Teachers can put an educational spin on Halloween by having the students dress up as a character from their favorite book for a school-wide parade.
Kids love the idea of Halloween: the scariness, the dressing up, the candy. However, candy and goblins are not always consistent with primary school policies. Teachers can capitalize on the fun of the holiday without sacrificing policy by holding a book character parade. Students and teachers dress up as characters from their favorite books and parade around the school showing off their costumes to parents and friends.
When planning a book character parade teachers and school officials first need to decide on the parameters of the event. Who is going to participate, what they have to do, and what types of costumes aren’t allowed all need to be determined in order for the parade to run smoothly. Parade planners also need to choose a date and time and decide who will be invited to view the parade.
Common Character Parade Guidelines:
- Students must come in costume to participate in the parade.

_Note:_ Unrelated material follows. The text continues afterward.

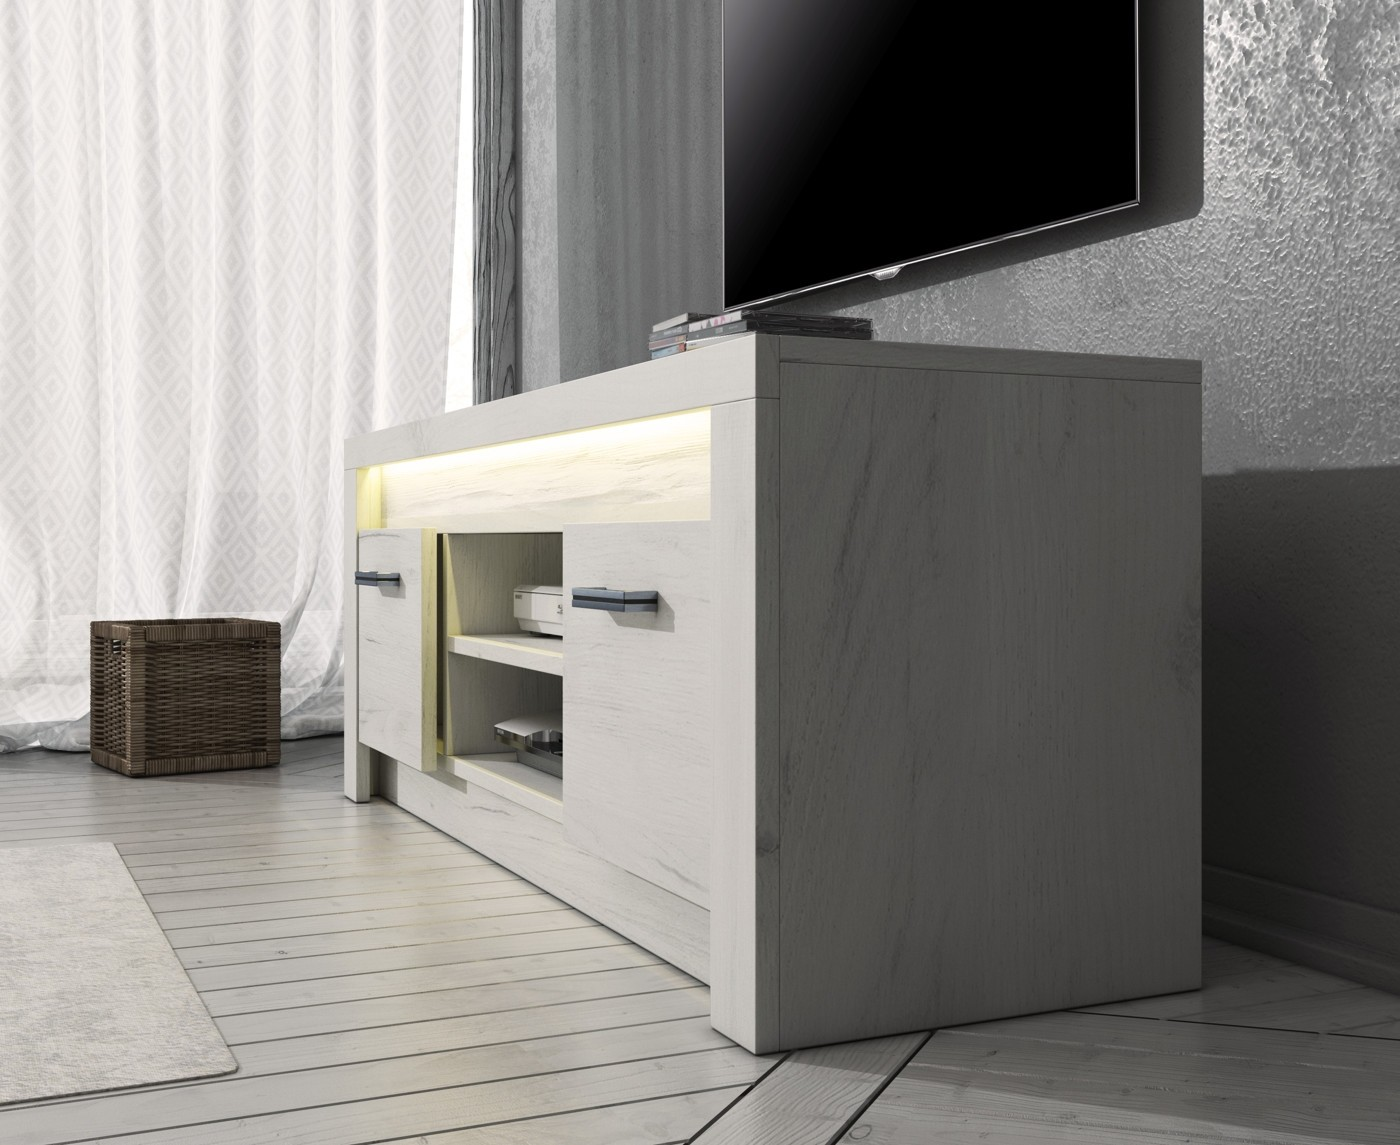 Tv meubel invido wit 137 cm met led verlichting for Showroommodellen design meubels
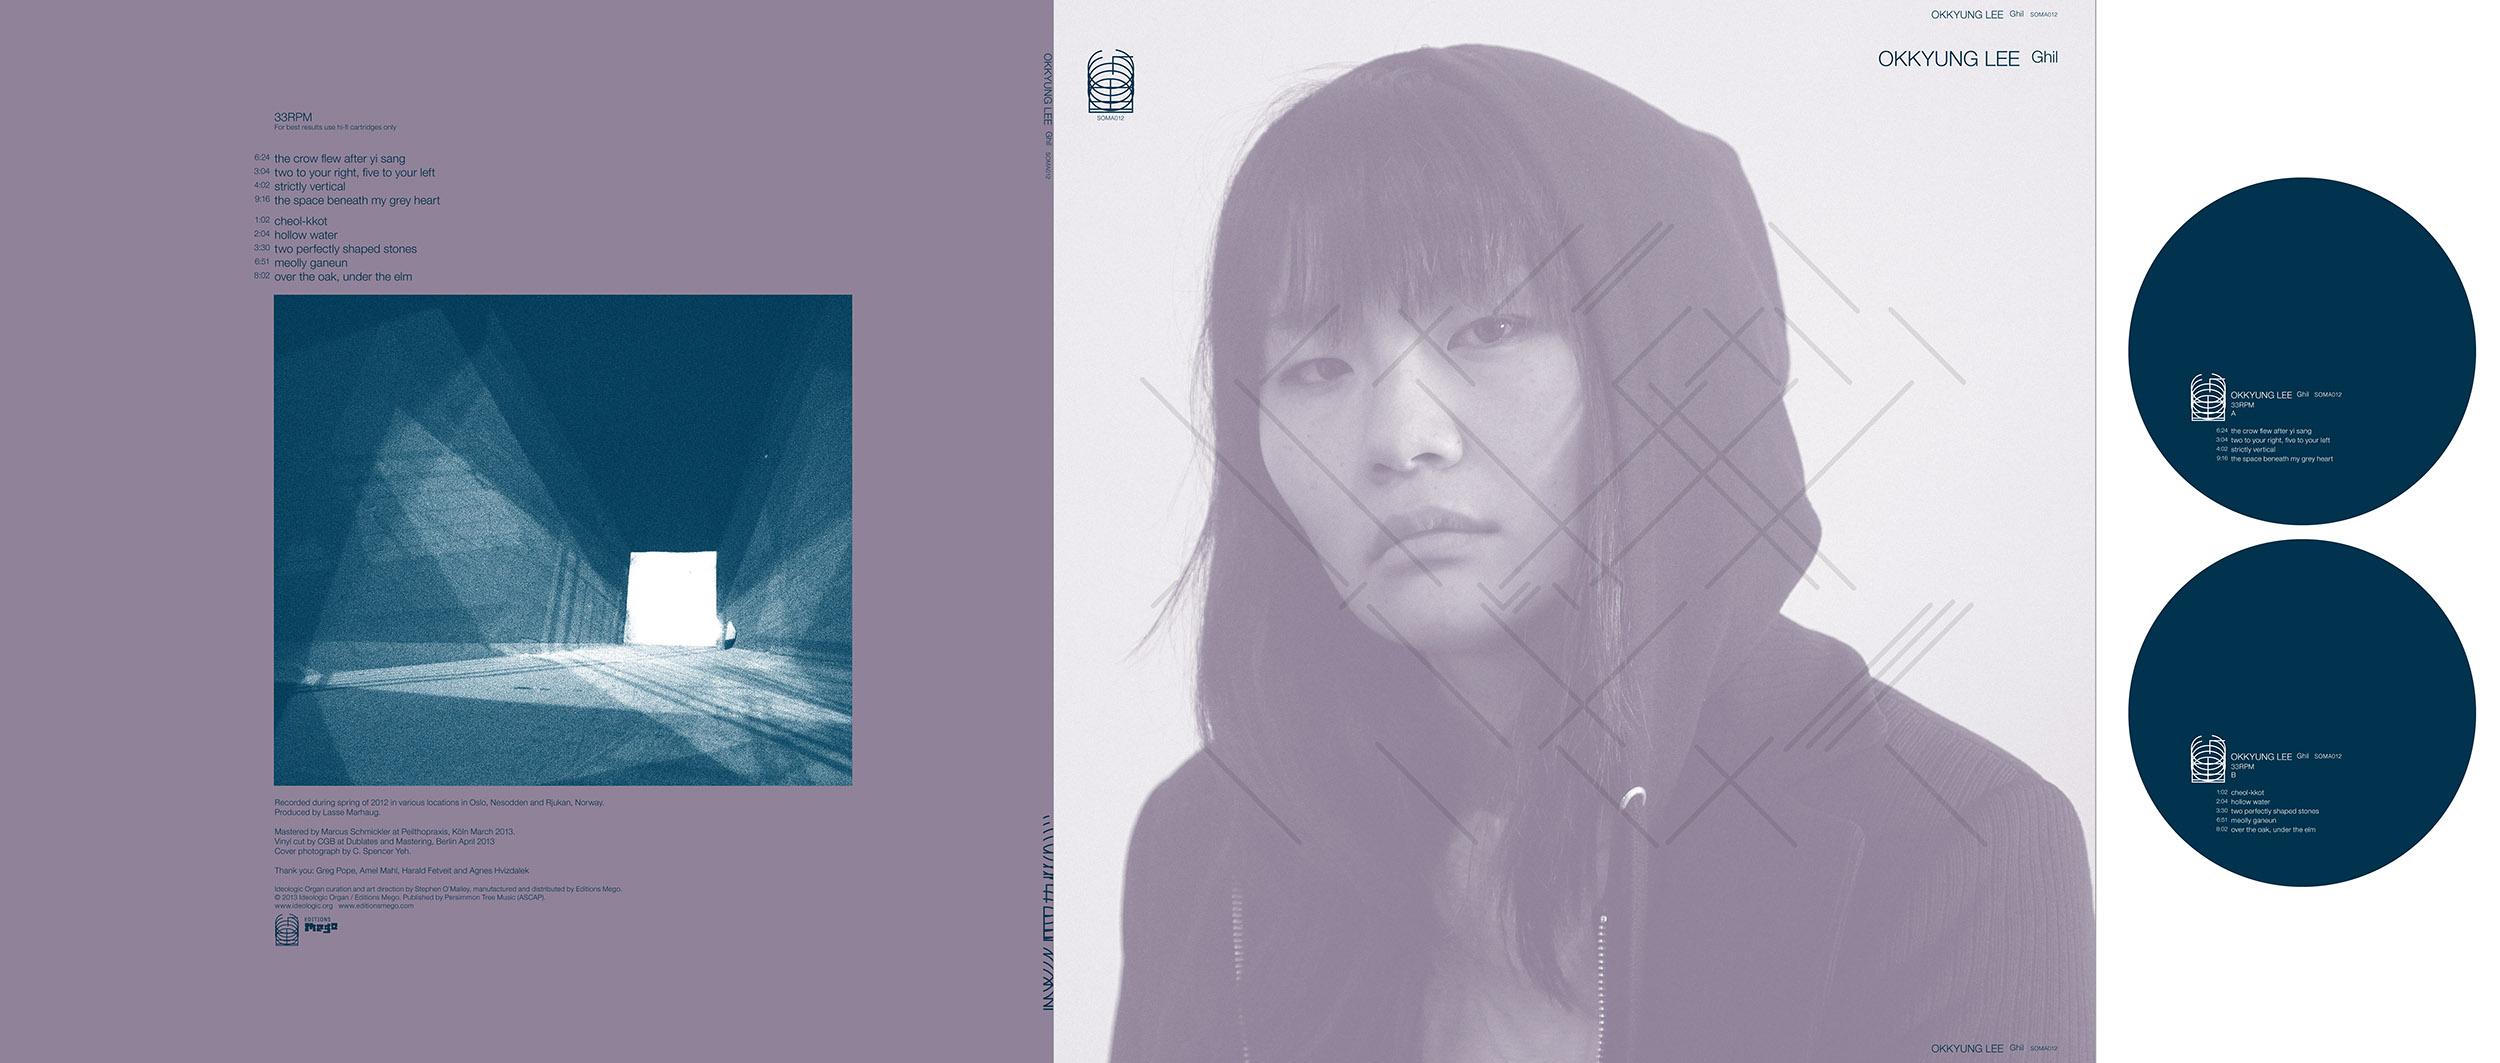 """SOMA012 Okkyung Lee """"Ghil"""" on IDEOLOGIC ORGAN released June 25 2013"""

- No bloody or scary costumes.
- No weapons.
- No full face masks.
- Kids must be able to put their costumes on themselves.
- Students must be in good standing in their classrooms to participate.
After the guidelines have been established the next step in planning the Halloween book parade is to inform the teachers so they can prepare the students. Teachers can introduce the event by dressing up in costume to motivate the kids and explain how the parade will work. Teachers can add a column for “favorite character” to their reading logs to help the students start to think about which characters they like and why. Students can also begin to identify and analyze storybook characters during shared and guided reading time.
About a month before the parade takes place letters should be sent home to all of the parents and guardians. The letter should outline the students’ assignment and the parade guidelines and provide the parents with examples of character costumes. A press release is sent out and the community is also invited to come to the Halloween book character parade.
As the date gets closer teachers can begin to talk to their classes about what a parade is and read parade themed books, such as And to Think That I Saw It on Mulberry Street by Dr. Seuss [Random House, 1964], to the them. One week before the parade, teachers can send home a form asking students and parents to list which character they will be dressing up as to make sure there is no confusion about what is expected. The teachers and principals also chose their character costumes and begin to work on their outfits.
On the day of the parade the students get ready and line up in their classrooms. Each teacher takes their class to the starting point and line up behind the principal. The principal leads the students along the parade route while marching music plays and the parents wave to and take pictures of the kids. After the parade the students return to their classroom in costume to take turns explaining to their classmates who they dressed up as and why.
A book character Halloween parade blends together the fun and excitement of dressing up on Halloween with a shared educational learning experience and is a great holiday activity for elementary schools.